Our biggest competitors are teams that create their own internal tools and we totally get it. Internal teams know exactly what they need, what information is relevant, how to incorporate into the build process and who should access it. Adopting an external process has risks in this scenario because it might not have the exact specifications a development team deems relevant. In some ways, I agree, and that works for one project, and maybe a sequel. The risk lies in the support. Production is a system of change and change is constant. Unless a team is available to continue to support these internal tools, they end up becoming stagnant. We have talked to many people throughout the years who effectively recreated the wheel only to come to us because their teams were dismantled and their tool was no longer supported. Smaller teams, too, face limited resources in tool creation and support. We provide both support for our clients and development for continued features. As fragmented as development seems, and with thousands of developers worldwide, we are in a prime position to see trends and features that can benefit the greater whole of the localization process. Working with hundreds of clients for decades allows greater visibility into growth and potential for our global industry.

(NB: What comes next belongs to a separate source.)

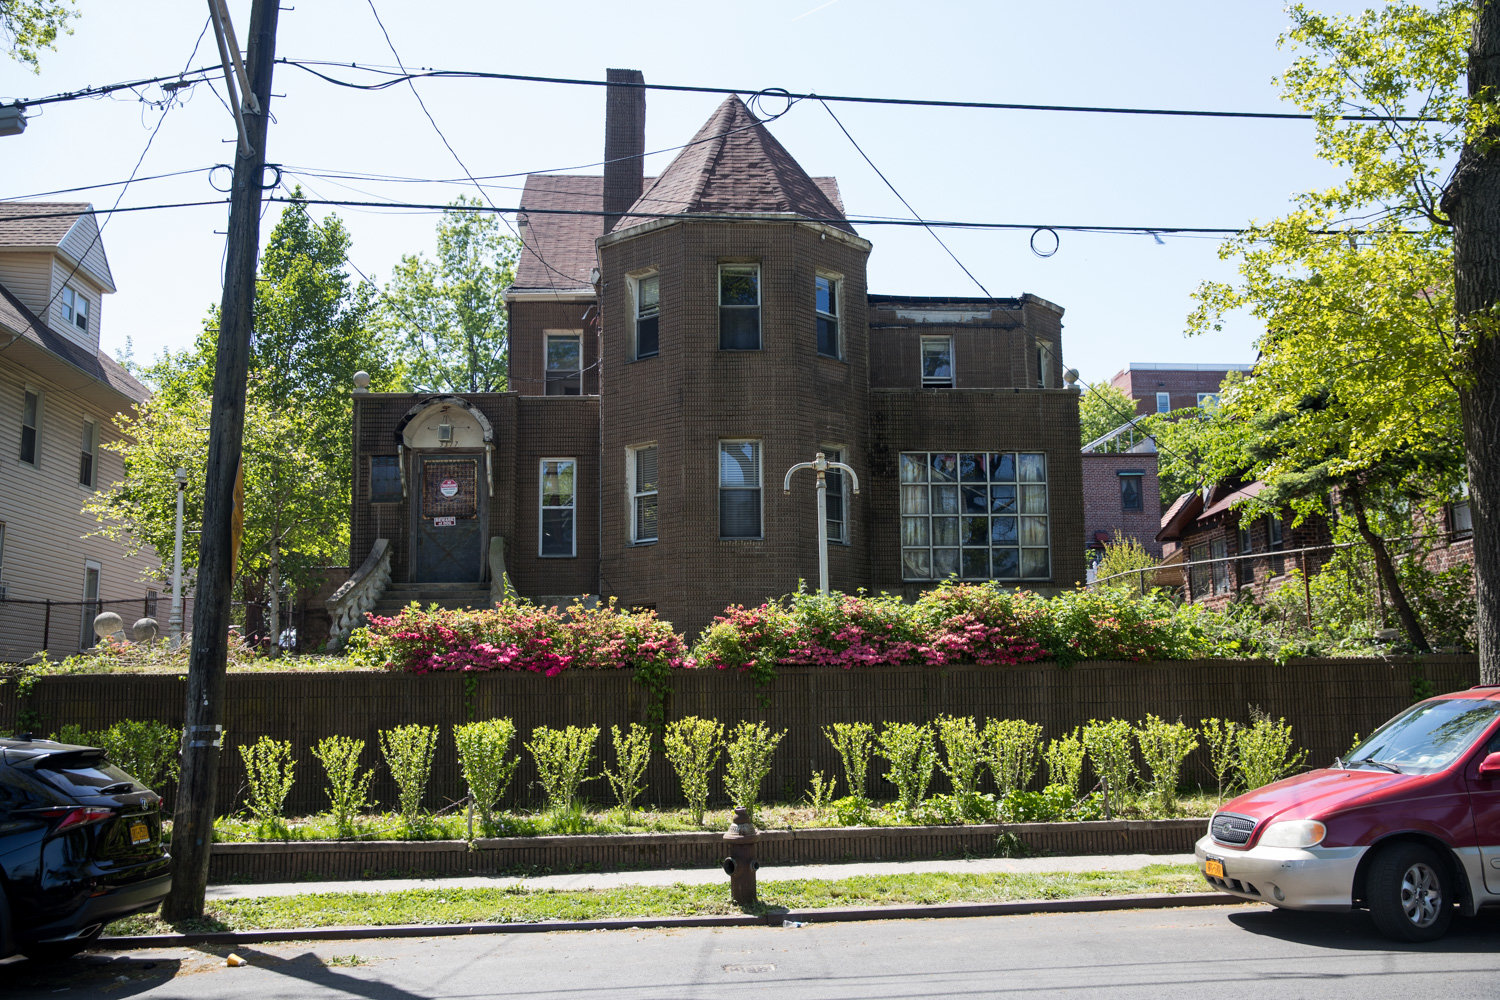 A century-old home on Sedgwick Avenue worth just $31,000 two decades ago sold for $1.25 million earlier this month, prompting speculation it will be raised for an apartment building that could climb as high as eight stories, based on current zoning.

Localization has come a long way! Nowadays, the global market accounts for 30-50% of a games’ revenue. Simultaneous development is a given, with important factors being which territories to include for sim-release. Publishing executives continue to acknowledge the significance of our global market and there is a huge subset industry to manage the entire process. XLOC and others have been privileged to speak to the future generations of game developers at university level, educating them on the exciting advances, as well as stressing the global importance of this worldwide industry. It’s a great day knowing that localization is no longer relegated to the lowly production personnel as a forgotten task, yet we still have much work and evangelizing to do across the globe!